I’ve been slightly regular on the Twitch platform recently, mostly to catch my favorite chess streamers Eric Rosen and Daniel Naroditsky. When I see the number of people viewing Twitch just from the list on the side, I was quite surprised. Apparently, the daily average of people on Twitch is 15 million, which is a staggering number. This made me wonder, what’s next for the researchers and engineers who build models to emulate human characteristics - WaveNet + John Legend + Google + DeepMind, Human-like chess from this paper, etc. This is where I believe Twitch can come into play.
The current state-of-the-art methods in each of the subdomains required to emulate human streaming on Twitch is covered - there are RL agents that play games, GANs that generate humans/characters(VTubers), chatbots that generate text, near-perfect text-to-speech engines. Frankly, a couple of engineers passionate about combining the current SOTA models can generate a system that can stream and try to keep the audience entertained, at least for a few minutes. This can potentially create a new benchmark on the human-level tasks, where the models are expected to perform well on the current benchmarks and are expected to work well in the pipeline with other models. Achieving this could be similar to how Tesla currently trains their networks(check out this video), but with different domains, although all these domains don’t need to be combined at once.

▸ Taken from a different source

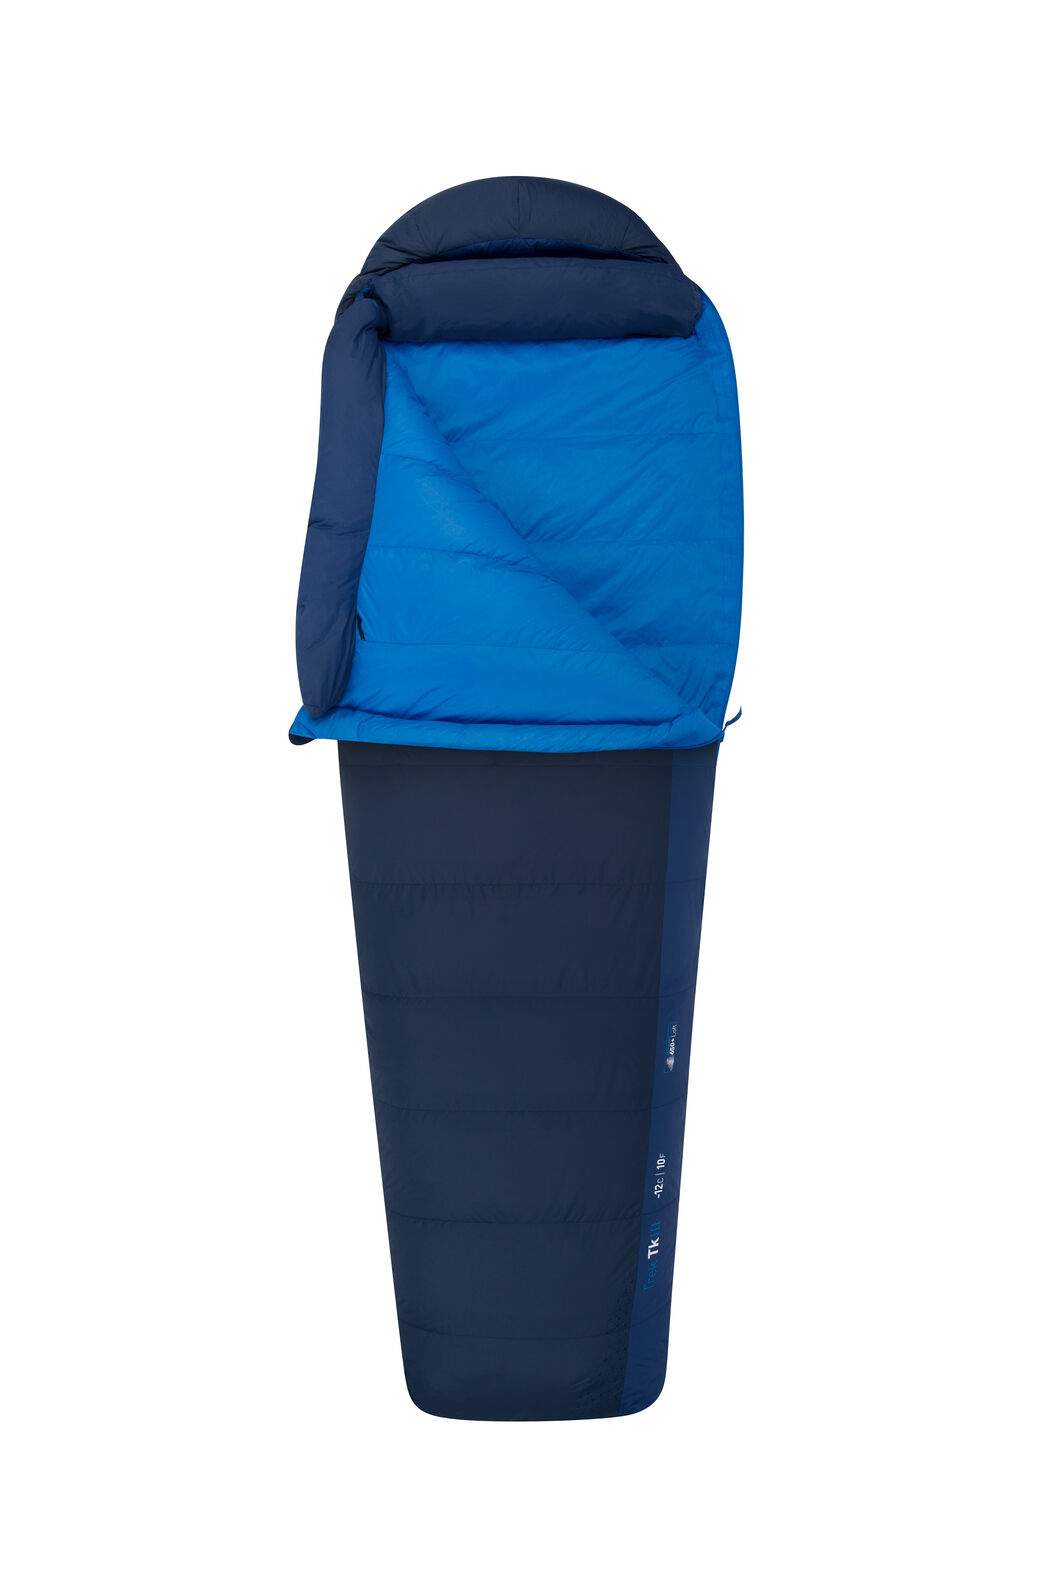 Sea to Summit Trek TKIII Sleeping Bag - Long, Blue, hi-res

This is ambitious in a lot of ways, but an incremental approach toward achieving this could possibly unlock newer models, techniques, etc. Starting from a simple GAN and chatbot + text-to-speech, where the model could be fine-tuned to talk on a random-topic for the day and building this via a bottom-up approach. This is certainly exciting to think about, and by no means am I an expert on these, so if you have thoughts on this topic, feel free to comment and we can discuss!